The story is at this link:

http://www.huntaddicts.com/blog

[attachment=0:d3c3p677]txbuck.jpg[/attachment:d3c3p677]


----------



## mikevanwilder (Nov 11, 2008)

Nice buck you got there, like the dark horns!


----------



## dkhntrdstn (Sep 7, 2007)

nice whitetail there.


----------



## wyogoob (Sep 7, 2007)

Congrats, very nice, dark horns.


----------



## sawsman (Sep 13, 2007)

mikevanwilder said:


> Nice buck you got there, like the dark horns!


Exactly what I was going to say..



wyogoob said:


> Congrats, very nice, dark horns.


And this too! 8)


----------



## elk22hunter (Sep 7, 2007)

Nice dark horns! :mrgreen: 

Great buckie


----------



## stillhunterman (Feb 15, 2009)

Great looking animal, congrats! Gonna have to get me a whitetail before these bones get too dang old! -)O(-


----------



## Nor-tah (Dec 16, 2007)

Sweet!! South Texas?? Wait dont answer that... i'll go over to your site. :lol: :mrgreen:


----------



## lehi (Sep 13, 2007)

Those dark horns are awesome! Nice deer!


----------



## bufflehead3 (Jan 5, 2010)

That is a fine looking buck!


----------



## truemule (Sep 12, 2007)

That is a fine looking deer, I don't see the horns everyone is talking about. But, those are a nice set of dark antlers.


----------



## elk22hunter (Sep 7, 2007)

truemule said:


> That is a fine looking deer, I don't see the *horns* everyone is talking about. But, those are a nice set of dark antlers.


You are like my kids! :mrgreen:

There are a few of you that didn't mention the "Dark Horns". Please go back and edit your posts.


----------



## jungle (May 10, 2008)

Nice whitetail! Good job. I read your blog.....

We still hunt whitetails all the time. We use grunt calls when we kick them up to stop them for a shot.


----------



## svmoose (Feb 28, 2008)

Thanks guys. I am pretty excited with him. And I like his dark antlers as well.



jungle said:


> Nice whitetail! Good job. I read your blog.....
> 
> We still hunt whitetails all the time. We use grunt calls when we kick them up to stop them for a shot.

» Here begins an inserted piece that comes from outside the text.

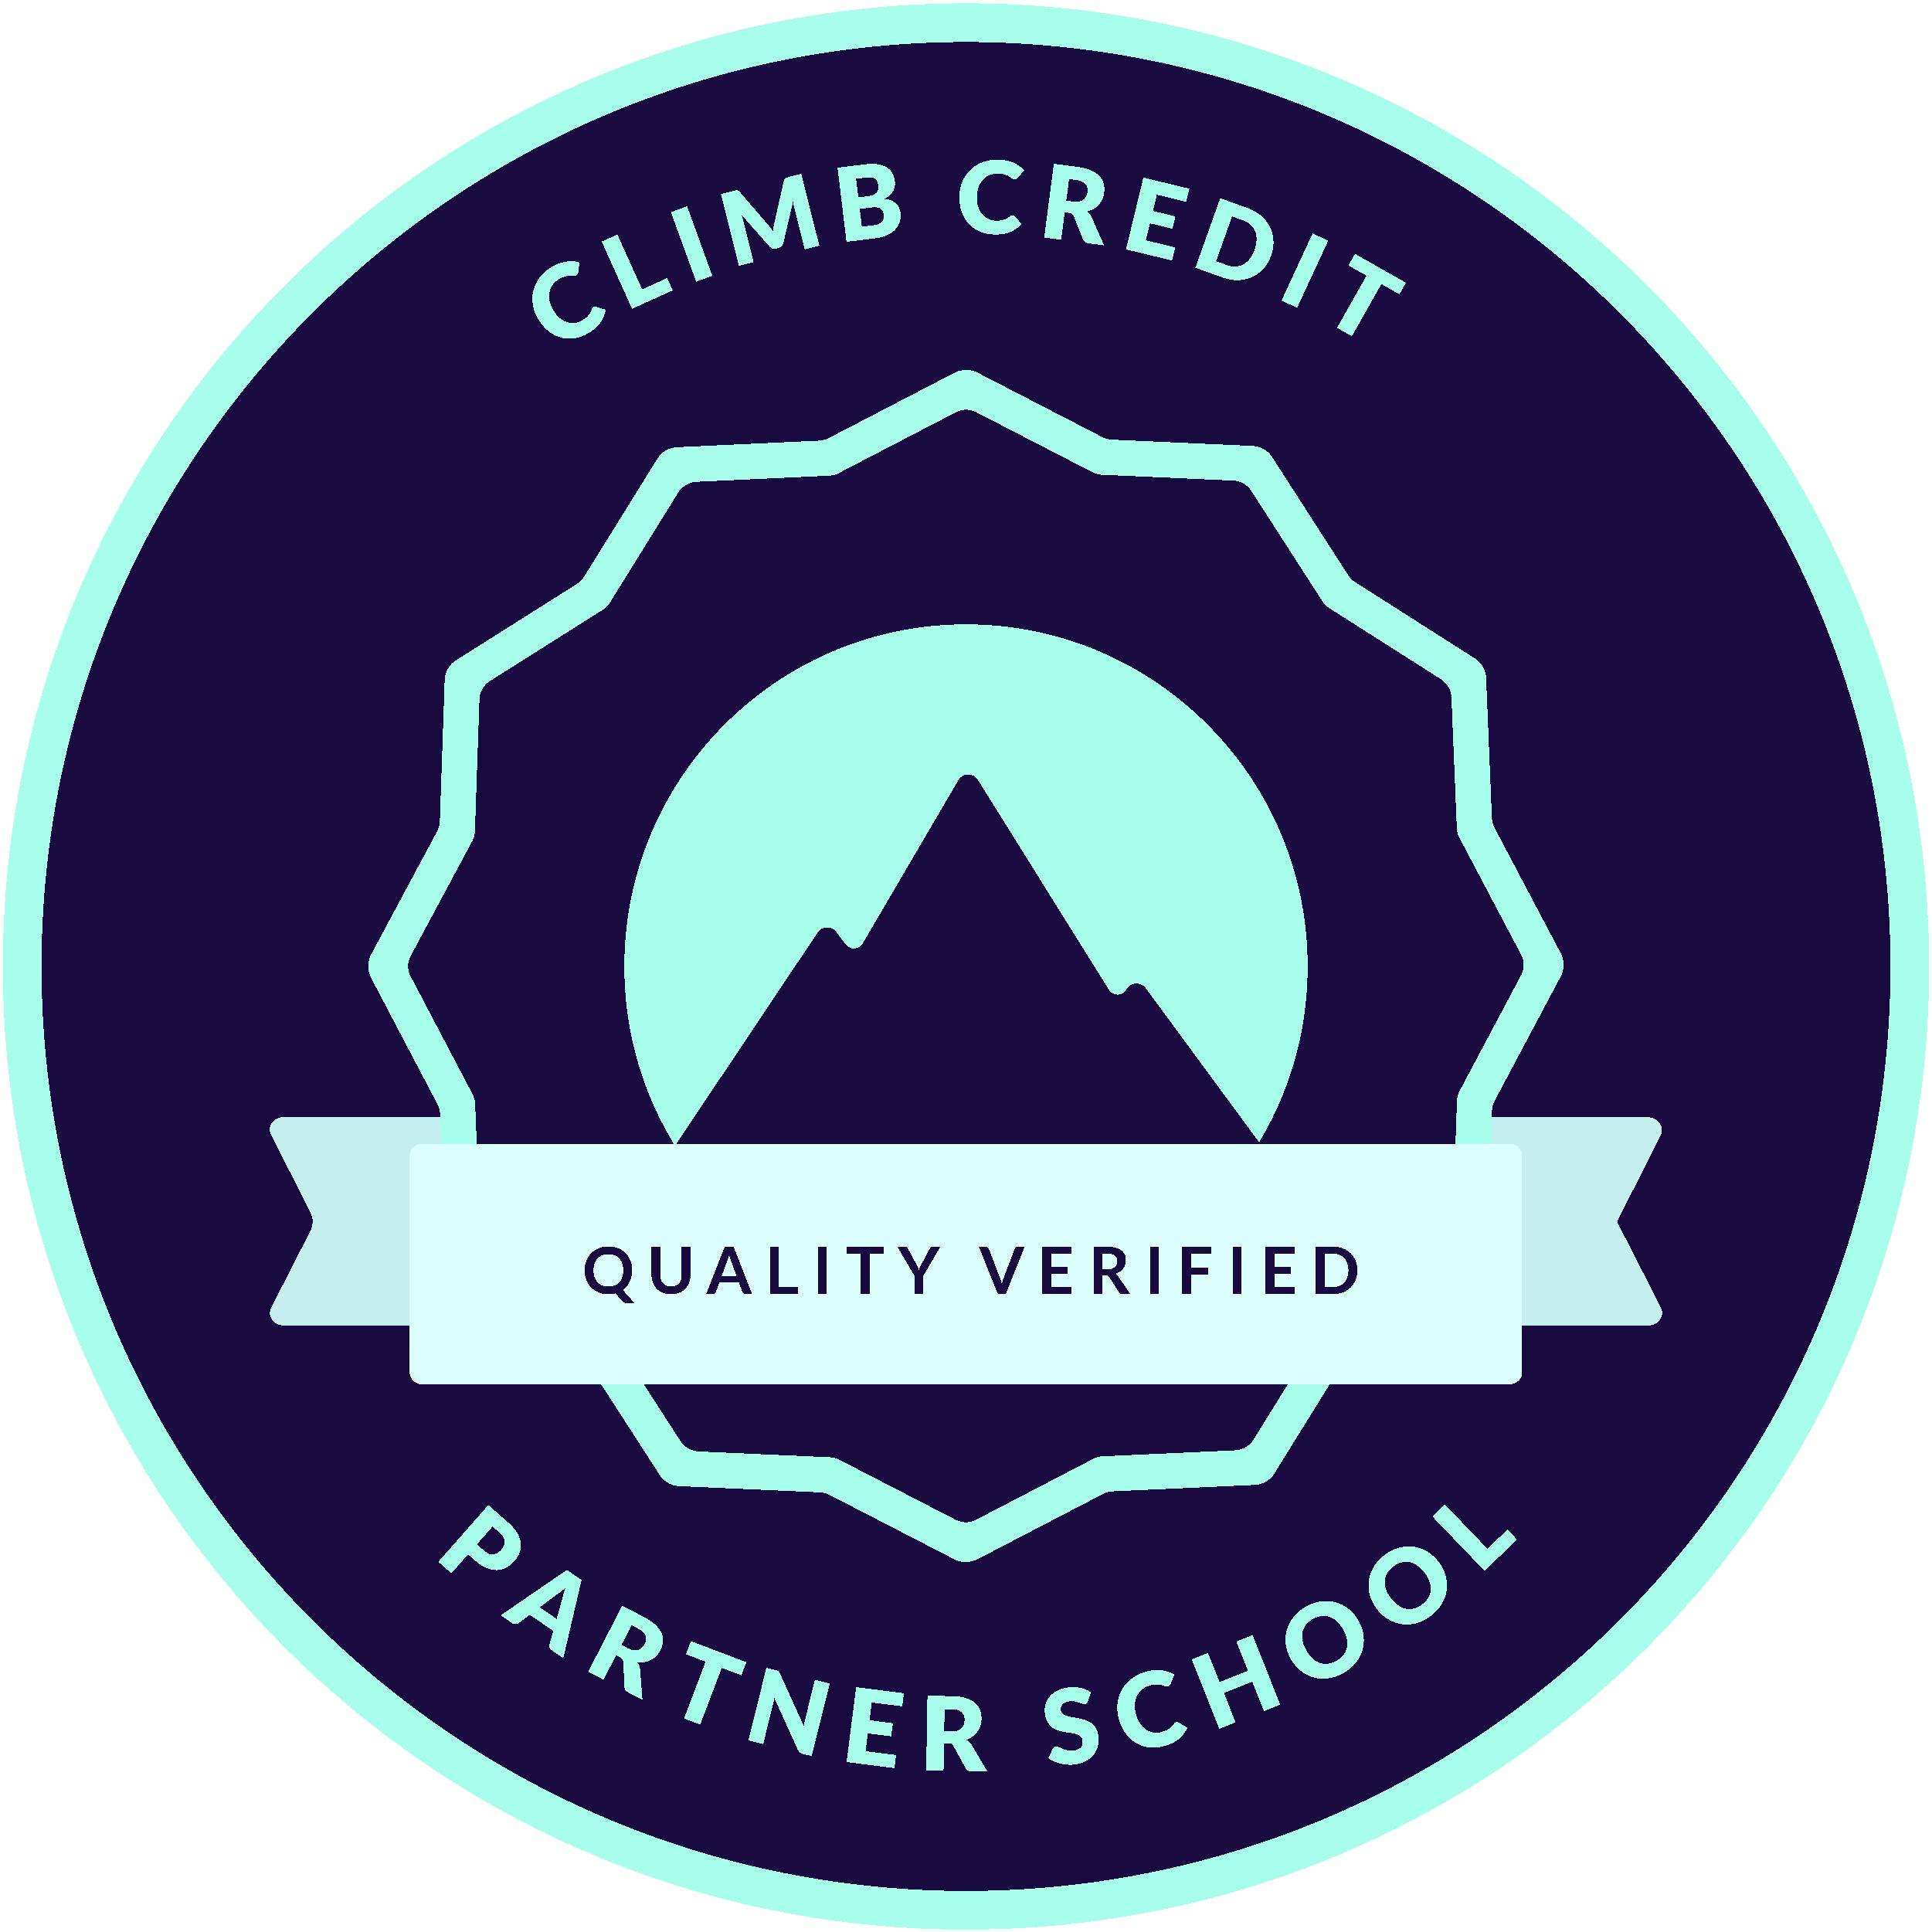 SAGE Truck Driving Schools - Climb Verified Truck Driving School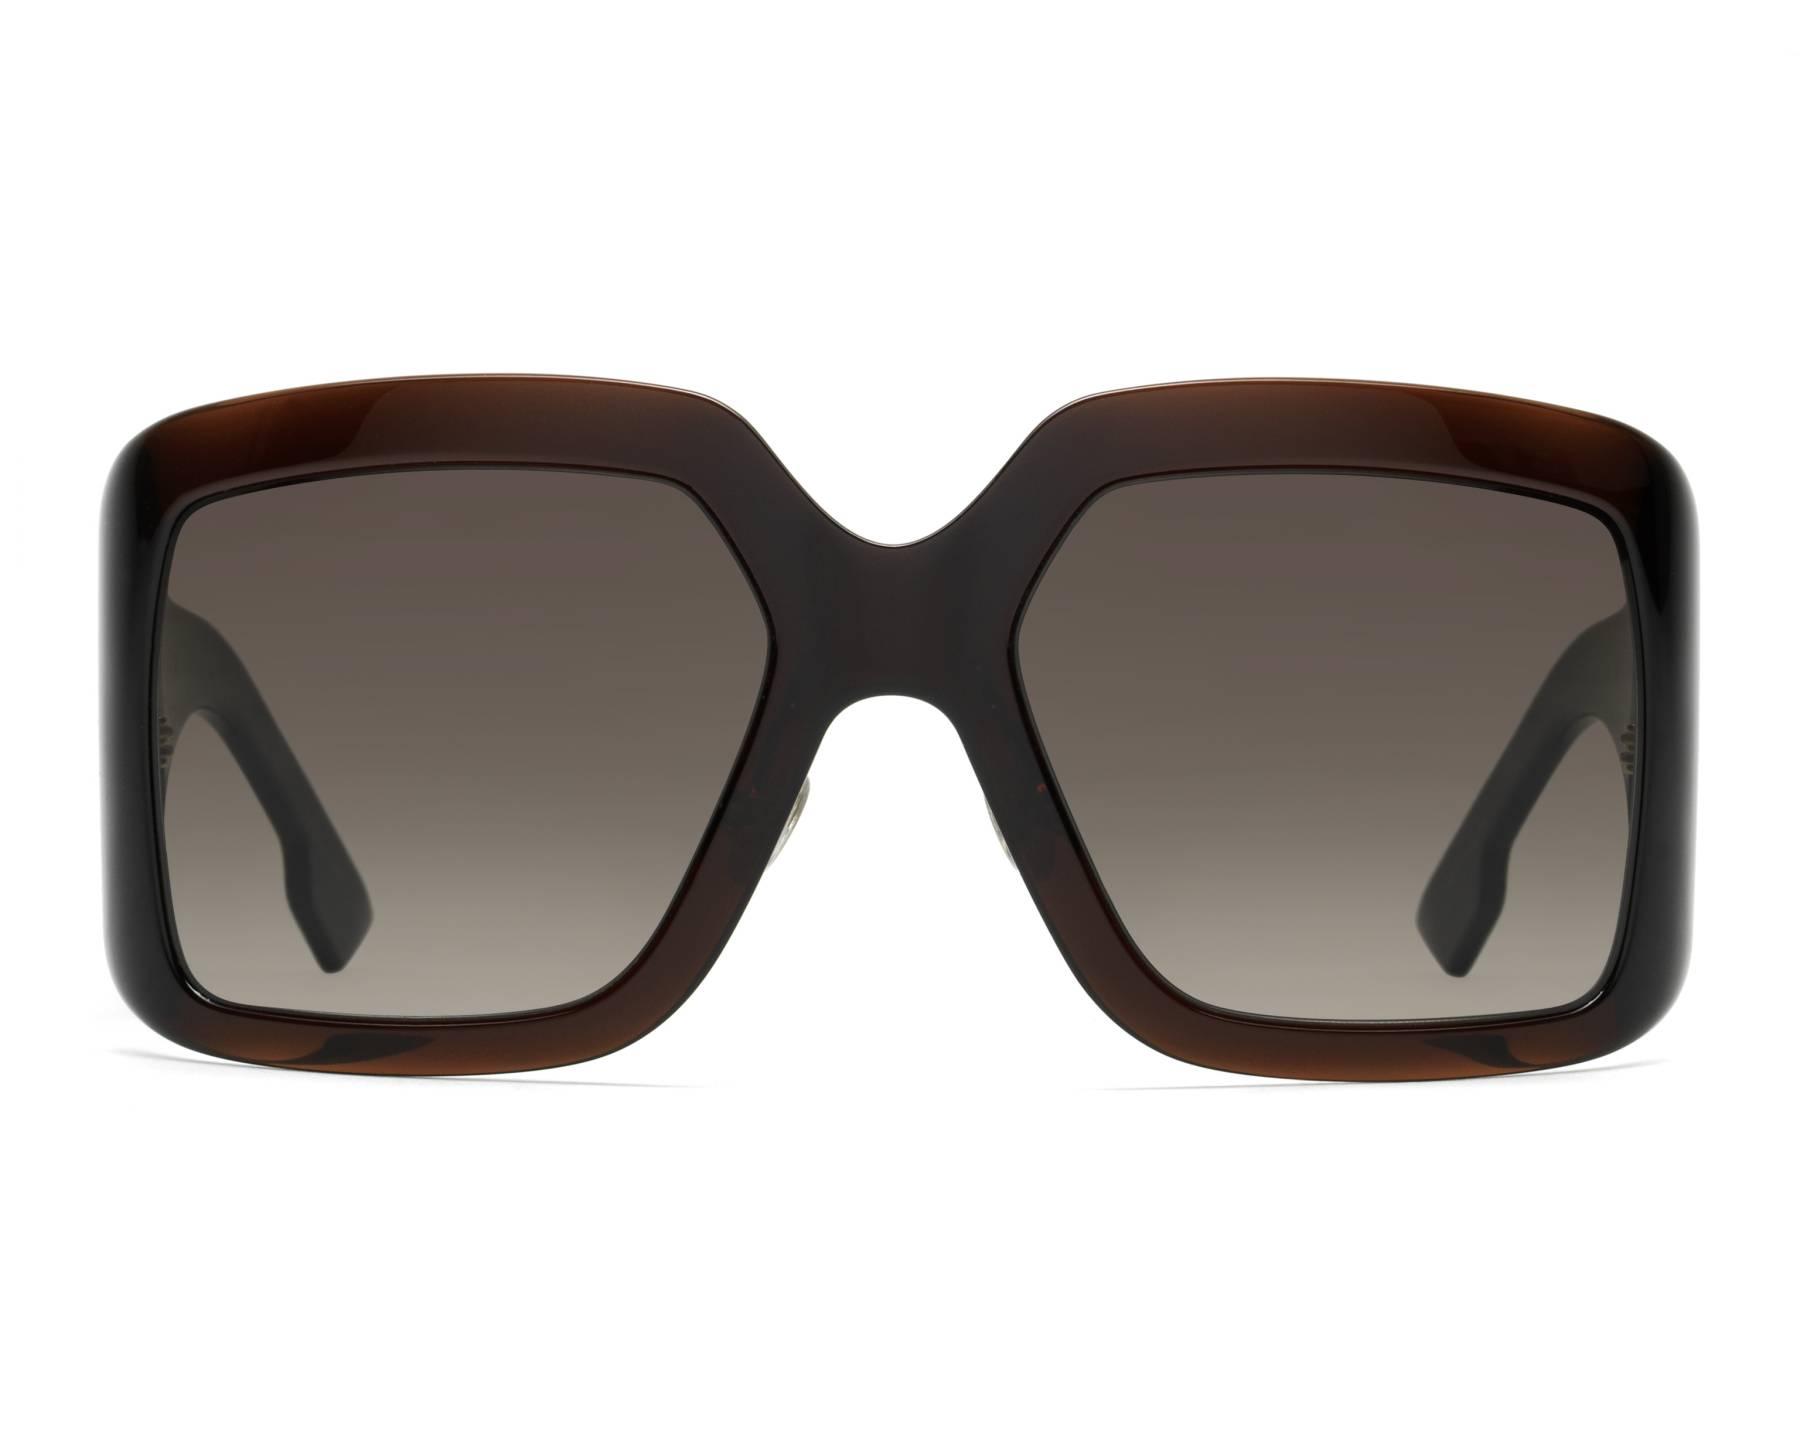 Dior Sight O2 women Eyeglasses online sale

Thanks for that. I tried stopping them by trying to imitate them, but I'm sure a call would work much better. The country we hunt is pretty hard because it is pretty thick stuff, not like the mesquite thick, but a lot of what they call shin oak, cedar, and live oak. There aren't a lot of places that you can see more than about 30 yards, unless you gain some elevation either by climbing into an elevated stand or out on a higher ridge. Whitetails are a very wary deer, that is for sure. I'll have to try stopping them with a grunt call while still hunting. Thanks again for the tip.


----------



## lehi (Sep 13, 2007)

"horn" sounds cooler. Plus it rhymes with porn, hence "Horn Porn"


----------